We observed age-dependent PCr/ATP increases throughout the brain (Table 4), which is in agreement with the literature and suggests that ATP utilization decreases with age (Forester et al., 2010; Longo et al., 1993; Schmitz et al., 2018; Rietzler et al., 2021). We did not observe Pi/ATP age-dependency, which agrees with Longo et al. (1993) but contrasts with Rietzler et al. wherein Pi/ATP increased with age in a sex specific sub-cohort of 64 women (Rietzler et al., 2021). This disagreement may arise from a difference in cohort characteristics, as our study was not intended to explicitly evaluate the influence of sex on brain metabolism. While Rietzler and colleagues showed 31P metabolite ratio differences in several brain regions with respect to sex, the role of sex specific risk factors in AD is currently unclear (Mielke, 2018; Nebel et al., 2018). Jack et al. showed no sex differences in amyloid beta, tau burden, or neurodegeneration in cognitively normal individuals (Jack et al., 2017). However other studies showed that women with mild cognitive impairment had higher atrophy rates and faster cognitive decline than men (Holland et al., 2014; Hua et al., 2010; Lin et al., 2015).

We found no pH age-dependency. The literature on this point is conflicting; Forester et al. reported a negative correlation (Forester et al., 2010) and Longo et al. reported a positive correlation (Longo et al., 1993). While we did not observe a relationship between tracer uptake and age, it is important to point out that the AD high-risk cohort had a relatively narrow age range (min/max age: 38/67 years, age = 54.2 ± 7.5 years), making it difficult to evaluate age as an explanatory variable. Others have shown that FDG uptake in the anterior cingulate cortex, posterior cingulate cortex/precuneus, and lateral parietal cortex decreases with age (Ishibashi et al., 2018), which is consistent with age-dependent PCr/ATP increases reported in the current study.

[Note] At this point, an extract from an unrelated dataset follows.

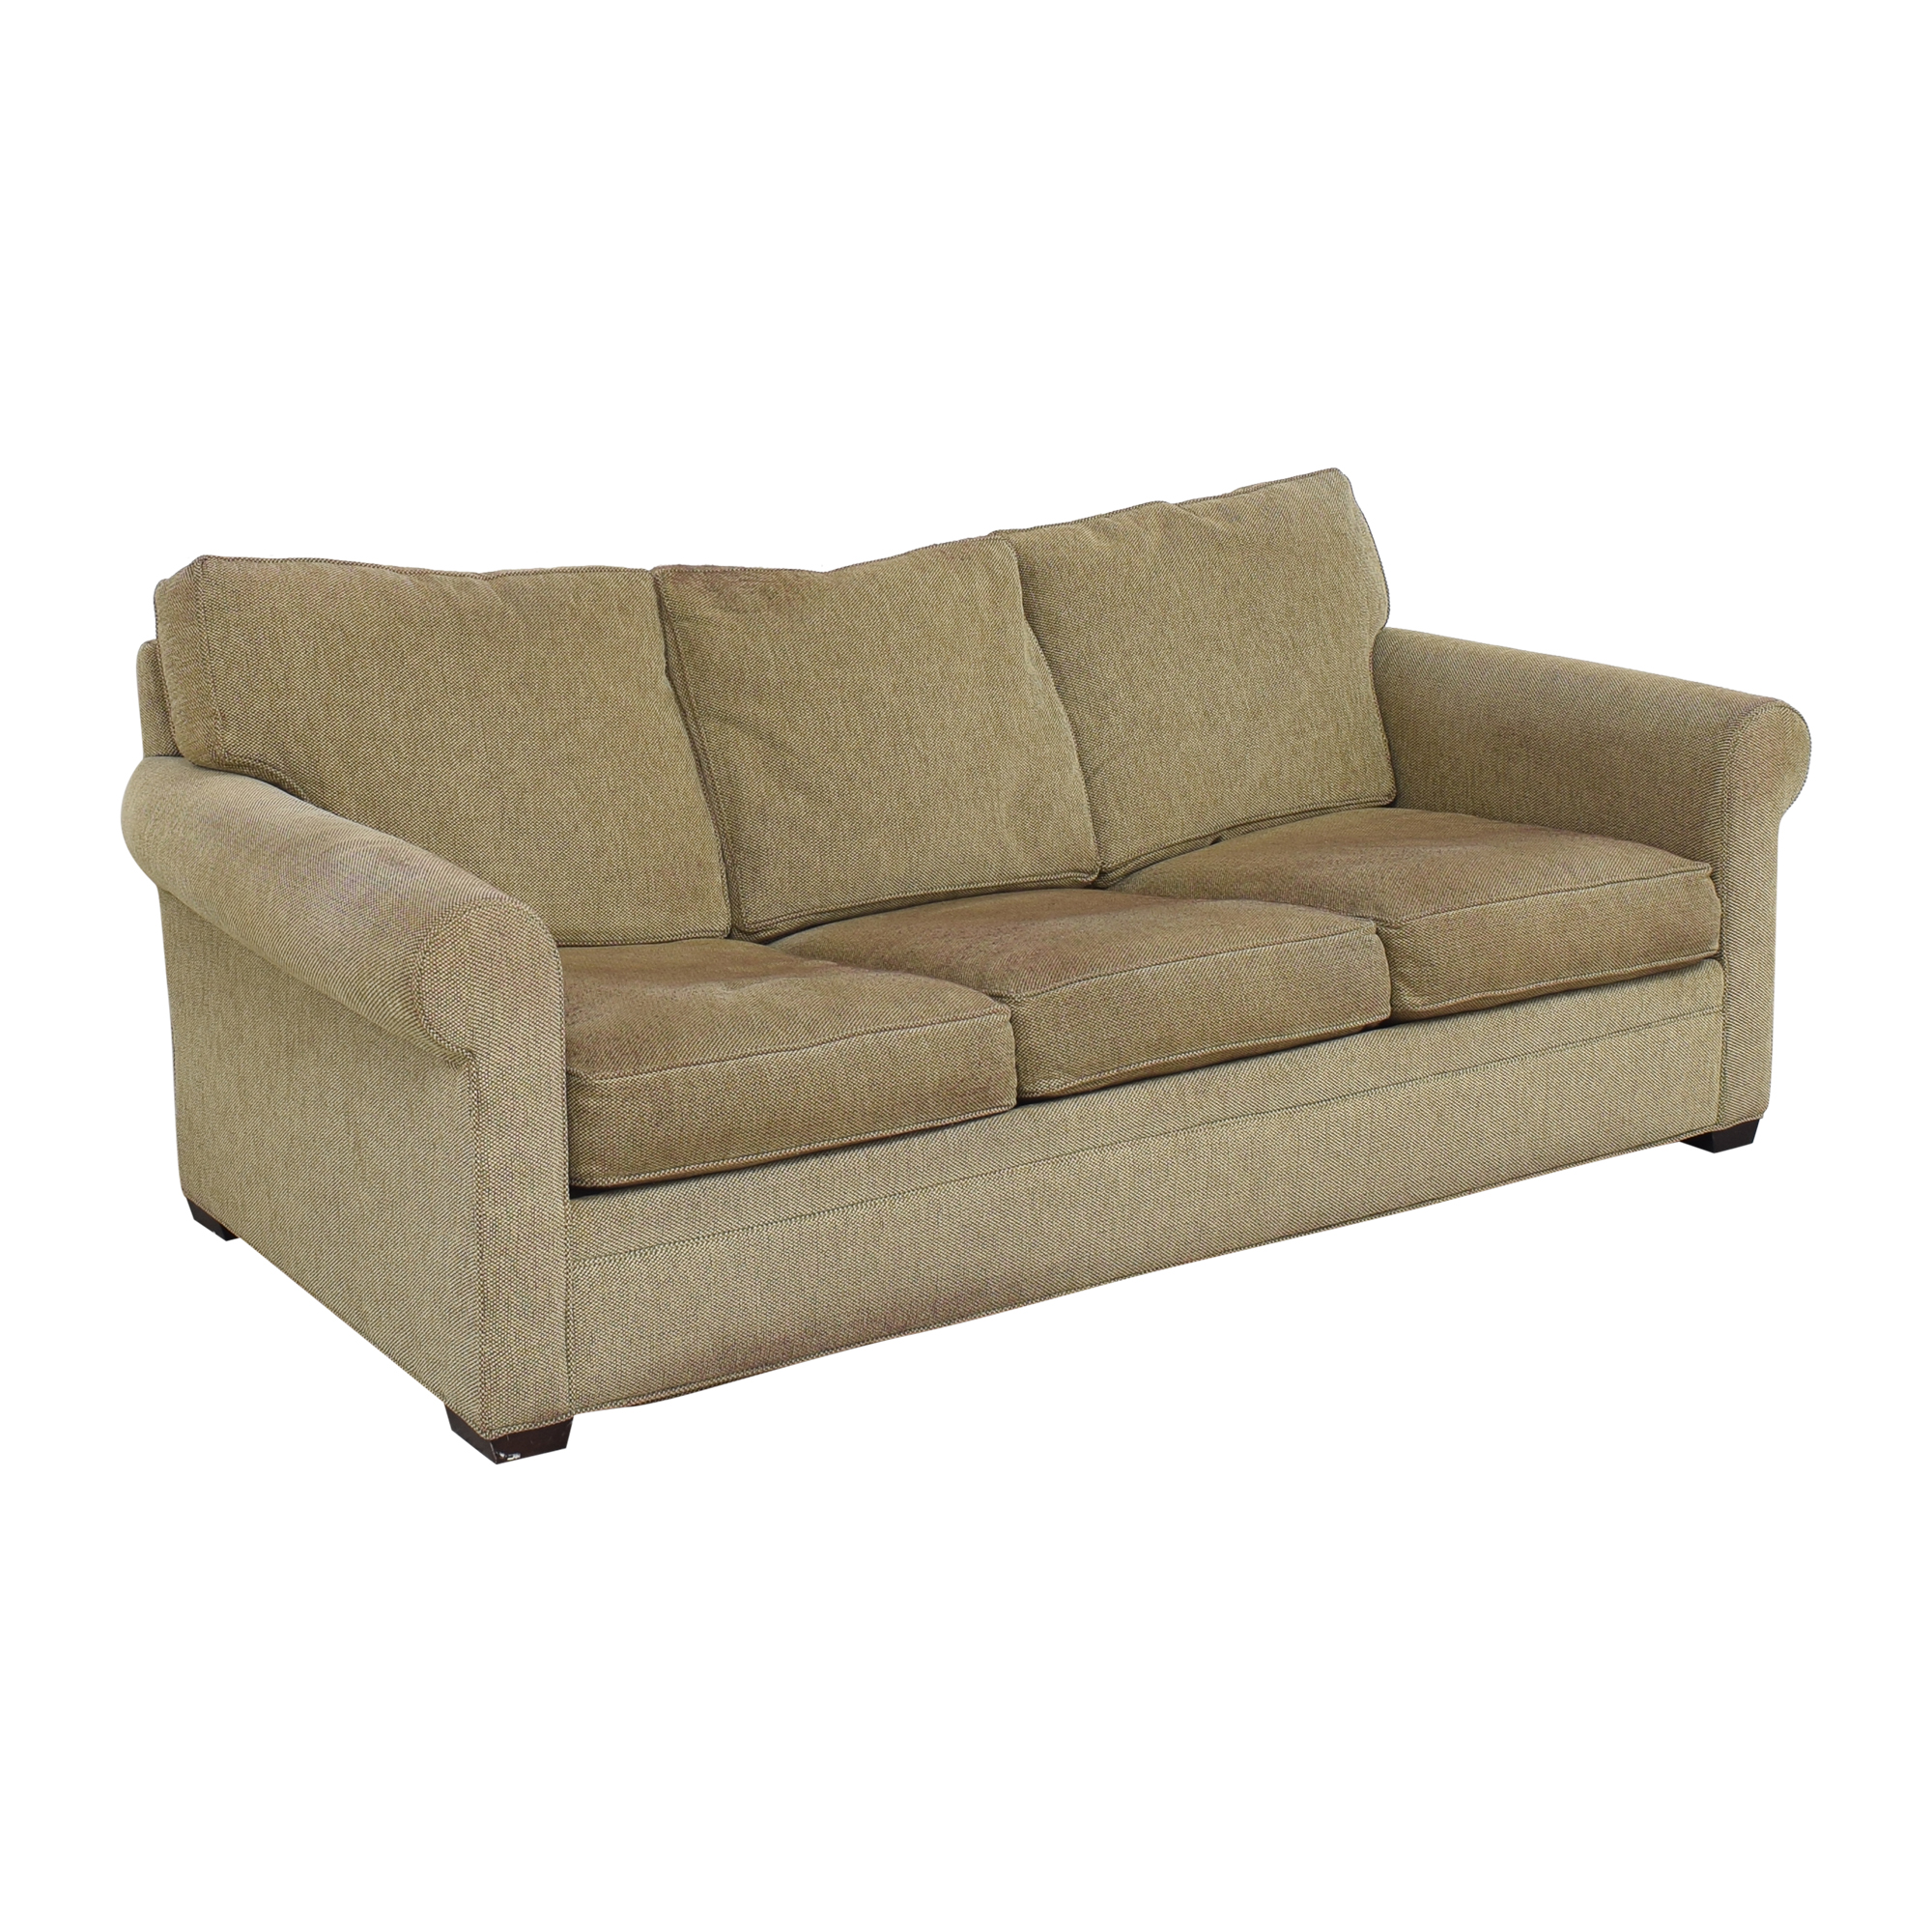 Crate & Barrel Crate & Barrel Three Cushion Sleeper Sofa

The 31P data in this study was acquired with 3-cm isotropic voxels, which were linearly interpolated to 1-mm in order to perform anatomic analysis. This can give rise to partial volume effects that may not be random and can result in systematic bias in specific brain regions. One method to help address partial volume effects involves the use of high-resolution anatomical prior information from concurrent 1H-MRI to guide 31P image reconstruction (Rink et al., 2017). However, its impact on 31P brain imaging has not yet been determined.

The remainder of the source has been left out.